SUMMARY OF THE INVENTION
[0012] According to a first aspect of the invention there is
provided a printer system comprising a printer and an ink supply,
the printer arranged to print a location pattern comprising a
plurality of dots adapted to be read by a pattern reader, the
system being further arranged to modify one or more characteristics
of the dots substantially in dependence upon the quantity of ink in
the ink supply.
[0013] In general, the print quality of printers varies as
components of the printer age or wear. In cases such as laser
printers and inkjet printers, the print quality also varies with
the degree of wear or deterioration of the ink supply. In the case
of an inkjet printer, the ink supply is generally an ink cartridge
which includes an ink drop ejection mechanism. In the case of a
laser printer, the ink supply is generally a toner cartridge which
includes, amongst other components: a photoconductor; a developer
roller; and, a cleaner blade. All of these components deteriorate
or wear with use and/or cartridge life. In fact, the toner
contained in the cartridge also degrades with time. In the case of
a laser printer, the deterioration of a toner cartridge may produce
any of various print defects, which may include: banding;
streaking; ghosting; visual noise; image density changes; and,
changes in printed image size and shape.
[0014] By modifying one or more characteristics of the dots in the
location pattern in dependence upon the degree of wear or
deterioration of the ink supply, the effects on printing
performance of the wear or deterioration of the toner cartridge may
be compensated for. In this manner, a dot pattern of a particular
type may be printed in a relatively stable manner. Furthermore,
this may be achieved within the specifications of the system across
a greater proportion, or indeed the entire life of the ink supply.

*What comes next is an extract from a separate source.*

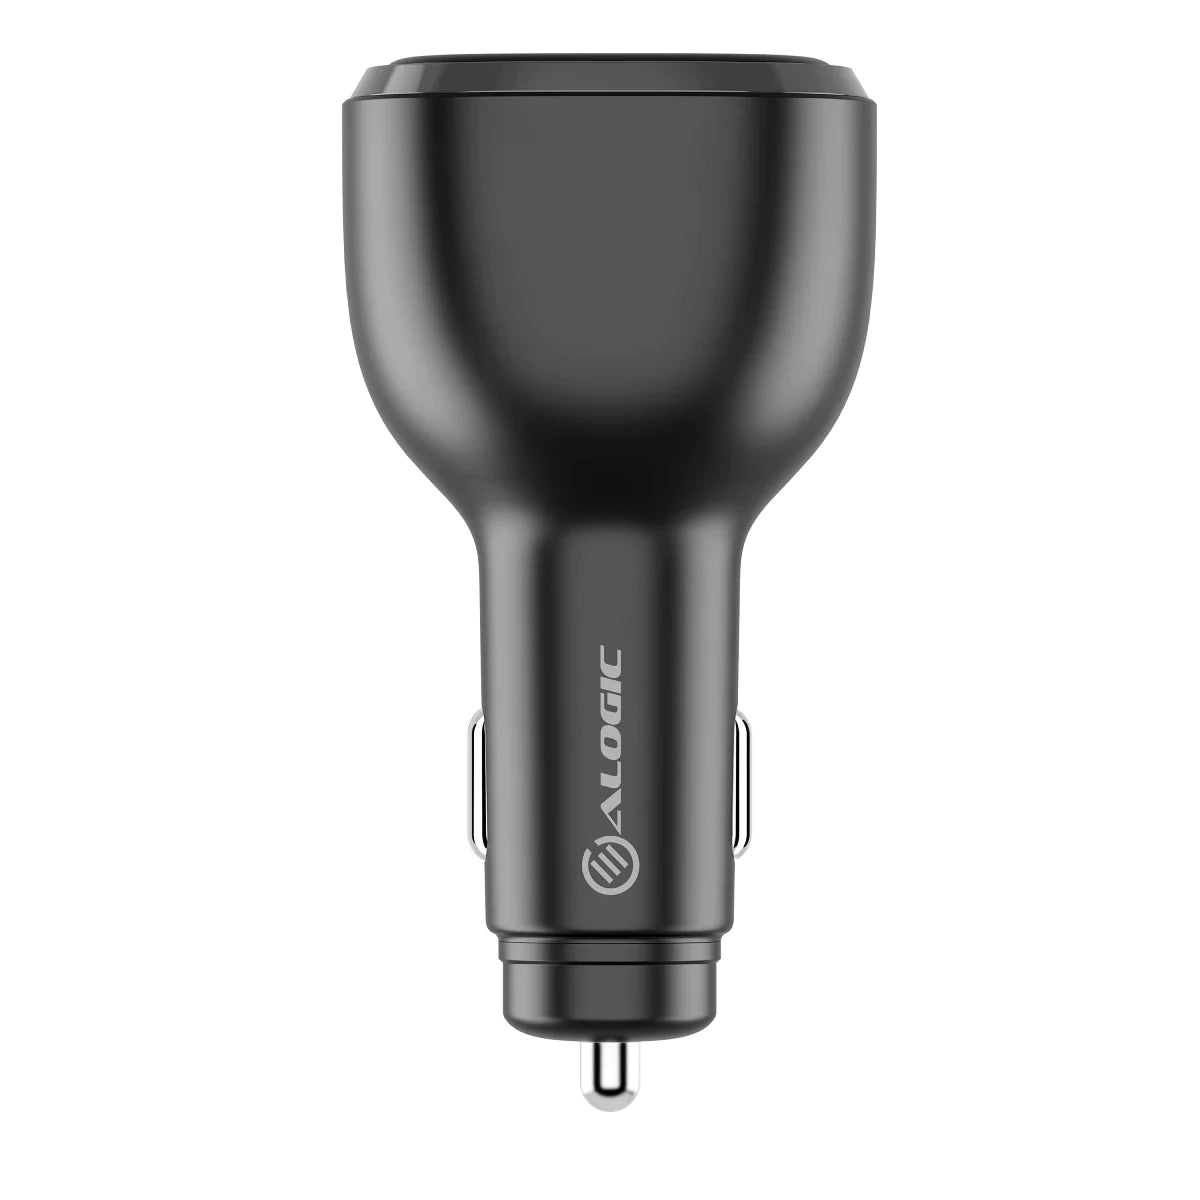 rapid-power-165w-car-charger-with-2x-usb-c-ports-1x-usb-a-port2

This may extend the usable life of the ink supply and reduce the
operating costs for the user.
[0015] In embodiments of the invention, components of an ink supply
may be monitored in order to determine the current printing
performance using that ink supply. Alternatively, the output print
quality may be measured using conventional tests. In either case,
the characteristics of the dots of digital patterns may be modified
in dependence upon the determined printing performance or print
quality or using that ink supply. However, in certain embodiments
of the invention, the degree of wear or deterioration is inferred
from the level of toner remaining in the toner cartridge of a laser
printer. It has been found that generally this gives a reasonably
reliable indication of the printing performance of a toner
cartridge.
[0016] In one embodiment the modification of the one or more
characteristics of the dots in the location pattern is made
substantially at the time of printing, although in other
embodiments it may be made somewhat in advance of the time of
printing.
[0017] In one embodiment, a dot characteristic that is modified in
dependence upon the quantity of ink in the supply, is the dot size.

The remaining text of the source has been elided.